Stalwart v0.14 (and earlier) included a spam classifier which was a direct port of the classifier used by Rspamd. This classifier is grounded in Bayesian theory and uses more advanced methods to combine probabilities, including sparse bigrams (OSB) and the inverse chi-square distribution. This approach is well understood and robust, particularly when training data is limited. It produces reasonable results quickly and has a long track record in production systems.

However, it comes with a significant cost in distributed environments. Both Rspamd and Stalwart v0.14 relied on OSB-5, which generates a very large number of features per message. Each of these features was stored in Redis. Even with aggressive caching, training or classifying a single message could involve hundreds or even thousands of round trips to Redis. At scale, this becomes a bottleneck: latency increases, throughput drops, and horizontal scaling becomes inefficient.

For v0.15, we went back to first principles and redesigned the spam classifier from scratch, guided by more recent research. We evaluated several models and ultimately settled on a logistic regression classifier trained using the FTRL-Proximal (Follow the Regularized Leader) algorithm. This algorithm—famously used by Google for large-scale online learning—is particularly well suited to spam classification workloads where models must be updated continuously and efficiently.

One immediate benefit of this approach is that Stalwart can now support collaborative filtering out of the box. Multiple users can benefit from a single shared classifier trained on aggregated data, dramatically improving accuracy in environments with many accounts. At the same time, individual users can still maintain their own personal classifiers trained solely on their own messages.

The new classifier also adopts feature hashing (often called the hashing trick) to keep the feature space compact and predictable. This significantly reduces memory usage and improves cache locality. For very large deployments, cuckoo feature hashing is available to further reduce hash collisions. If you are interested in the theoretical background, the original feature hashing paper is available at Feature Hashing for Large Scale Multitask Learning and the cuckoo feature hashing paper at Cuckoo Feature Hashing: Dynamic Weight Sharing for Sparse Analytics.

With the default configuration of 2²⁰ features, the entire model fits in approximately 4 MB of memory and is loaded only once after each training cycle. The result is a classifier that is both faster and more accurate than the previous version, particularly in distributed deployments where network overhead matters.

We also evaluated RetVec (Resilient and Efficient Text Vectorizer), the embedding technique used by Gmail. RetVec excels at generating compact semantic representations of email content, but it is primarily designed to feed neural networks and deep learning models. For now, logistic regression offers a better balance of simplicity, performance, and operational transparency. That said, we plan to ship a pre-trained RetVec model alongside BERT in a future release.

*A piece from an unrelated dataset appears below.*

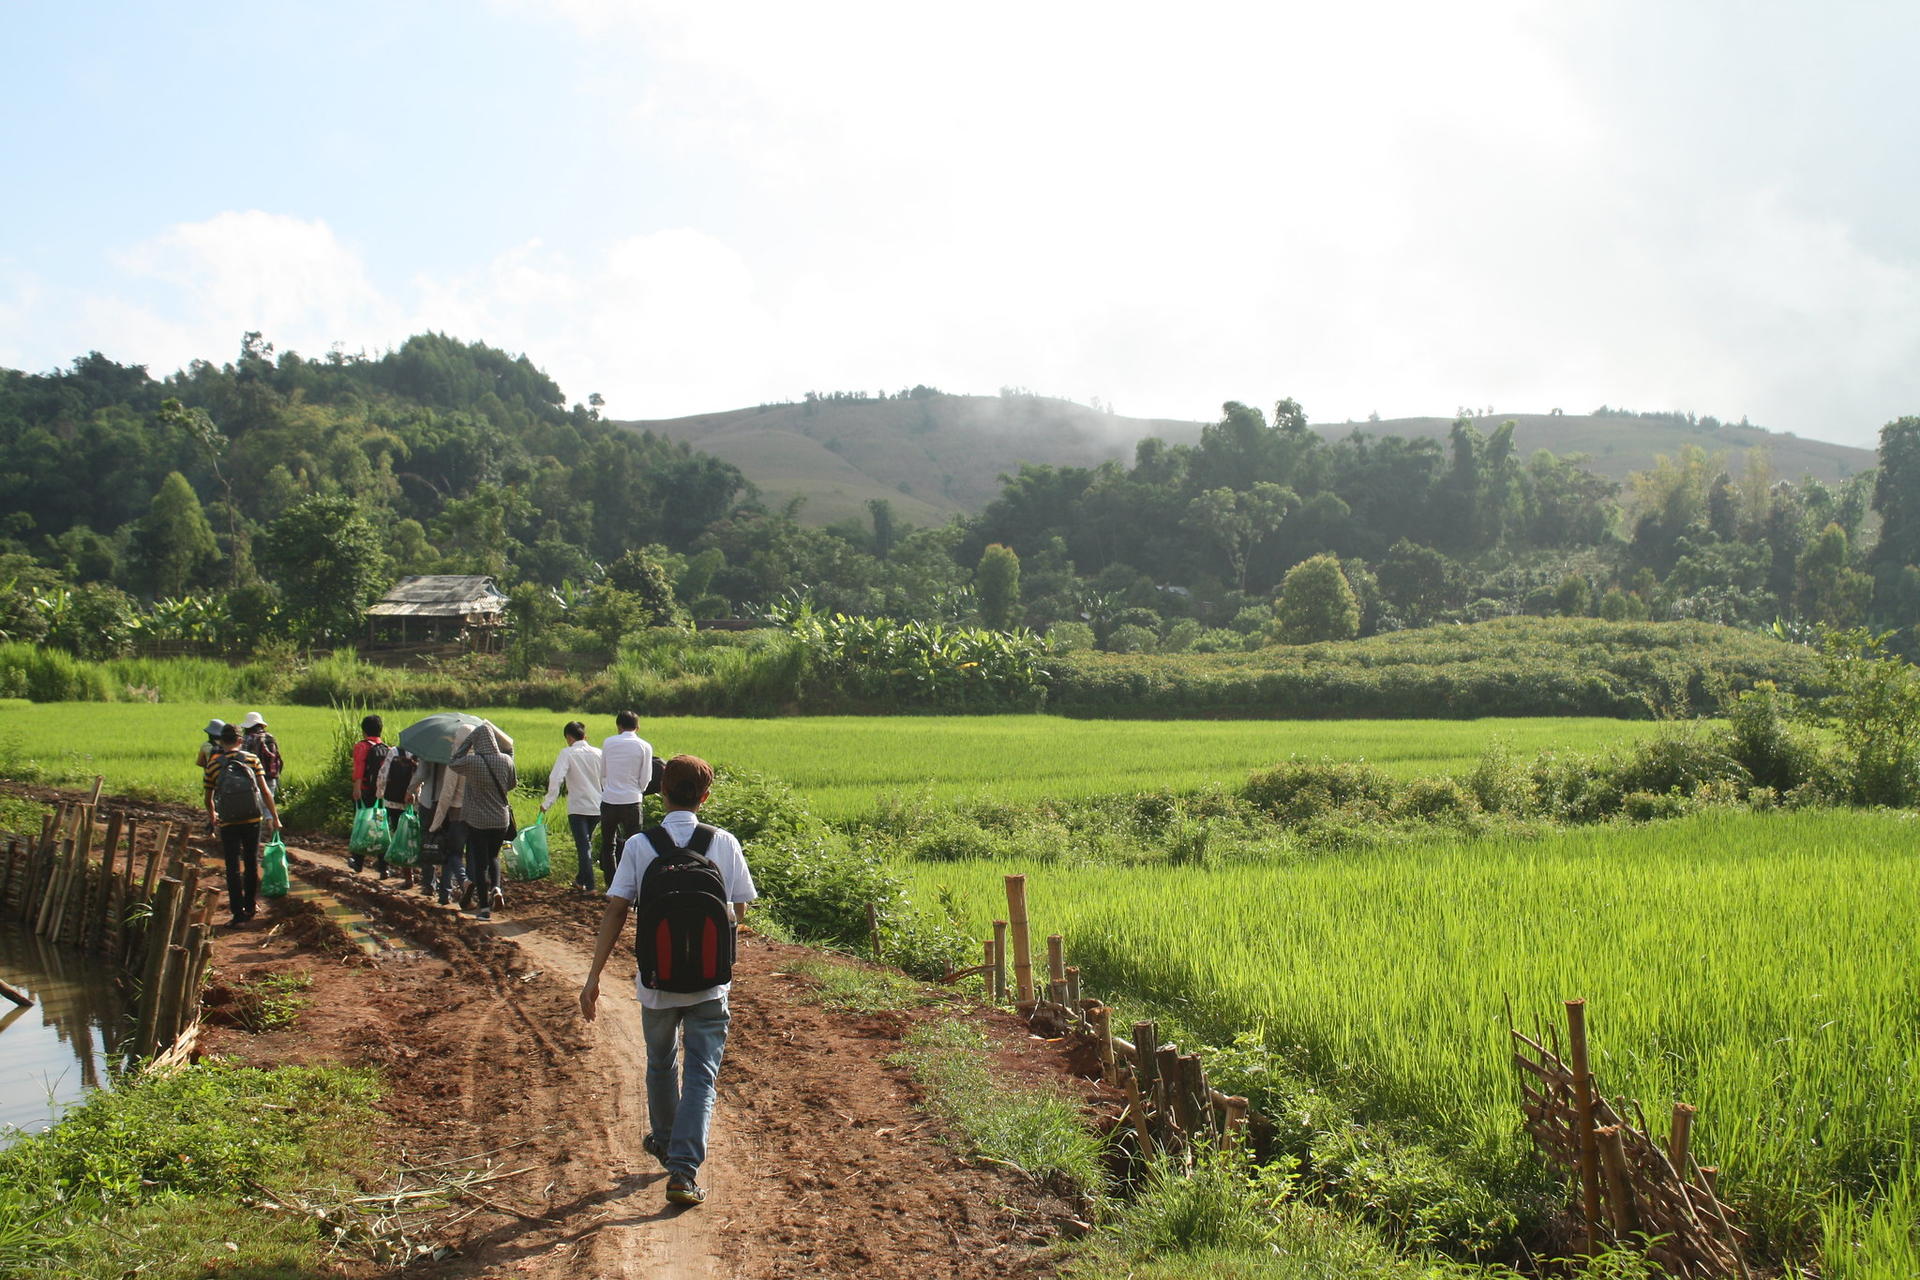 Research team joined by local Vietnamese guides go from village to village to collect baseline data in Son La province in Vietnam's Mai Son district.

A Faster, Simpler Search Layer

Search is another area where small architectural choices have outsized effects. In Stalwart v0.15, the search layer has been substantially rewritten.

For deployments using PostgreSQL or MySQL, Stalwart now leverages the built-in full-text search capabilities of the database instead of relying on a custom implementation. This reduces complexity, improves query planning, and allows the database to do what it already does well.

We have also added support for Meilisearch, a lightweight, fast search engine with excellent performance characteristics and simple operational semantics. Meilisearch offers low-latency full-text search, typo tolerance, and efficient indexing, making it a good fit for many Stalwart deployments.

For large installations backed by FoundationDB, we plan to significantly improve the built-in search functionality by embedding Seekstorm. Until that work is complete, we recommend pairing FoundationDB with an external search engine such as OpenSearch or Meilisearch to achieve the best performance.

Faster Database Access and Leaner Storage

Stalwart v0.15 includes a number of optimizations to the database access layer. We have reduced the number of reads and writes required to store and retrieve messages, particularly along hot paths such as IMAP and JMAP access. The result is noticeably faster message retrieval and improved overall responsiveness under load.

In parallel, we revisited how email metadata is stored and reduced some serialization overhead. This lowers disk usage and improves cache efficiency, which again compounds into better performance at scale.

Individually, these changes are modest. Collectively, they make the system feel tighter and more predictable under real-world workloads.

Meet Us at FOSDEM 2026

We are excited to announce that Stalwart will be present at FOSDEM 2026 in Brussels, Belgium.

Our talk, Stalwart: Can Open Source do Gmail-scale Email?, builds naturally on the marginal gains theme. While v0.15 focuses on incremental improvements, the talk zooms out to the other end of the spectrum: what it takes to design and operate a truly large-scale email system.

Using a 1,024-node cluster as a concrete example, we will explore how modern providers store and index petabytes of messages, survive hardware failures without data loss, and run spam and phishing filtering across billions of daily deliveries. We will walk through the architectural patterns behind distributed storage, large-scale spam filtering, MTA queue management, and load balancing for IMAP, JMAP, and SMTP.

We will also discuss cluster coordination, orchestration, autoscaling, and how to reason about failure before it happens. The goal is to give attendees a practical understanding of how planet-scale email systems are built, and how those same principles can be applied using open-source technology.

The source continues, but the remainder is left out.